As 'Junk' Bonds Fall, Some Blame the Fed
By SERENA NG And MATT WIRZ
A steep decline in prices of bonds backed by subprime mortgages has spread through the riskiest segments of the credit markets, ending rallies in high-yield corporate bonds and commercial real-estate debt.
Weak economic data including falling home prices and disappointing jobs numbers have led investors to dump these securities, which had risen strongly since the financial crisis.
.The decline in high-yield, or "junk," corporate bonds accelerated after last week's employment figures, with prices falling nearly 1% on Thursday, the worst one-day loss in three months. Junk bonds offer high yields due to high default risks.
The market for subprime bonds started falling in early April, around the time the Federal Reserve Bank of New York launched an effort to sell pieces of a multibillion-dollar portfolio of subprime bonds it has been holding since late 2008.
Since April, prices of many subprime mortgage securities have declined between 15% and 20%, sparking concerns from traders and investors that the Fed's sales are pressuring a weakening market.
On Thursday, the New York Fed sold only half of a $3.8 billion batch of bonds it sought to auction off this week.
Some of the selloff can be attributed to a heavy supply of these bonds, both from the Fed and from companies taking advantage of better market conditions since the crisis. Companies issued a record $114 billion worth of junk bonds through June 2, a 27% increase of the same period last year, according to Standard & Poor's Leveraged Commentary & Data.
"The timing couldn't be worse for the market," said Marina Tukhin, head of asset-backed securities trading at Gleacher Descap in New York, referring to the effect of the Fed's auctions on the mortgage market, which she calls "oversaturated" with troubled assets.
Investors have scaled back their appetites for risky investments in recent weeks amid renewed concerns about the European debt crisis and data indicating a U.S. housing recovery is still ways off.
The decline in subprime mortgage bonds accelerated in the last two weeks with prices of some bonds falling roughly nine to 10 cents on the dollar from their April highs. Soon after these bonds started falling, an index known as the CMBX, which tracks commercial mortgage debt, also headed down and has declined substantially.
The New York Fed has so far sold off roughly $10 billion of bonds it inherited from the bailout of American International Group Inc., about a third of a portfolio known as Maiden Lane II, at discounts to the bonds' face value. The regional Fed bank held weekly auctions for pieces of the portfolio in April, but recently decided to slow down the pace of sales after getting market feedback. Thursday's auction was the first in three weeks, and the next one will be after the July 4 holiday.
Wall Street traders groused that the Fed's sales have been a big reason for the latest downdraft in prices of risky U.S. debt. An index known as the ABX, a proxy for prices of subprime bonds, recently traded at about 47 cents on the dollar, a level last seen in March 2010, according to data from Markit. It is still well above its crisis low of about 29 cents on the dollar.
Analysts say the price declines have created a negative feedback loop in the credit markets, with weakness spilling over to derivatives on commercial mortgage backed securities and now junk bonds.

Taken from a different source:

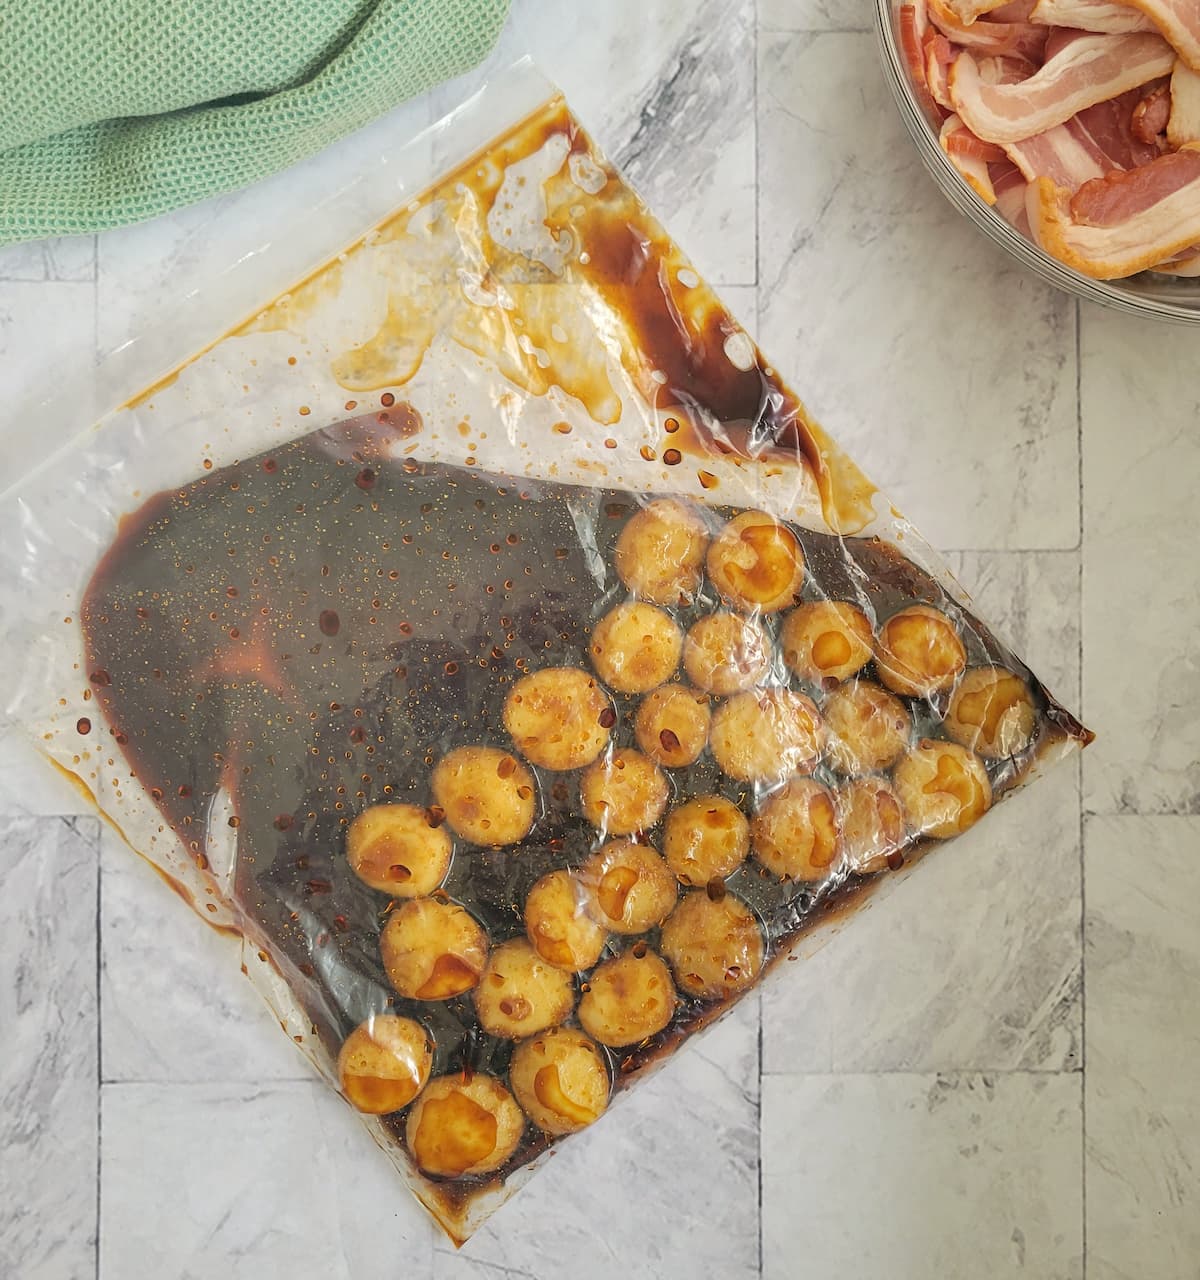 ziploc bag of water chestnuts marinating in soy sauce

Traders said investors are buying credit protection in the derivatives market to hedge their investments, and this occurs more as prices continue to fall. As the cost of protection against defaults rises, so do yields on many bonds. Bond prices and yields move in opposite directions.
Other investors said the selloff in mortgage bonds prompted hedge funds that invest in risky debt to sell their junk-bond holdings but pick up relative bargains among subprime bonds.
When the Fed began the sales, it reasoned that the mortgage-debt market had stabilized and conditions were "right" for Maiden Lane II to begin "more extensive sales while taking appropriate care at all times to avoid market disruption." From the Fed's perspective, the sales have gone relatively well so far and the bank has been able to be a selective seller, accepting only bids that it likes. It has so far sold about 75% of the $13.4 billion in bonds it put for sale over the last two months.
In the junk-bond market, investors worried about the slowing economy have cooled their love affair with these securities.
Softening demand also tightened borrowing conditions for junk-rated companies. Forestar (USA) Real Estate Group Inc. pulled a $250 million deal today citing adverse conditions that prevented it from obtaining the terms it expected. Clear Channel Communications, a radio broadcaster with a relatively low credit rating of triple-C+ from Standard & Poor's, was forced to sell a $750 million bond offering at a significant discount to its existing debt in order to get the transaction done.
"Investors are repositioning to reduce risk across their books as GDP expectations are lowered," said Jim Keenan, head of leveraged finance in BlackRock Inc.'s portfolio management group. "Not only did we have weaker data than expected, but the next couple months will be a period of uncertainty drawn around policy, from what Europe is going to do about Greece to what the U.S. government is going to do about the budget deficit."
Despite the sell-off, the junk bond market has still outperformed other markets this year. Year-to-date, the total return of the JP Morgan Domestic High Yield Index is 5.7%, compared to 4.72% for the Dow Jones Industrial Average and 2.49% for the S&P 500.
—Al Yoon contributed to this article.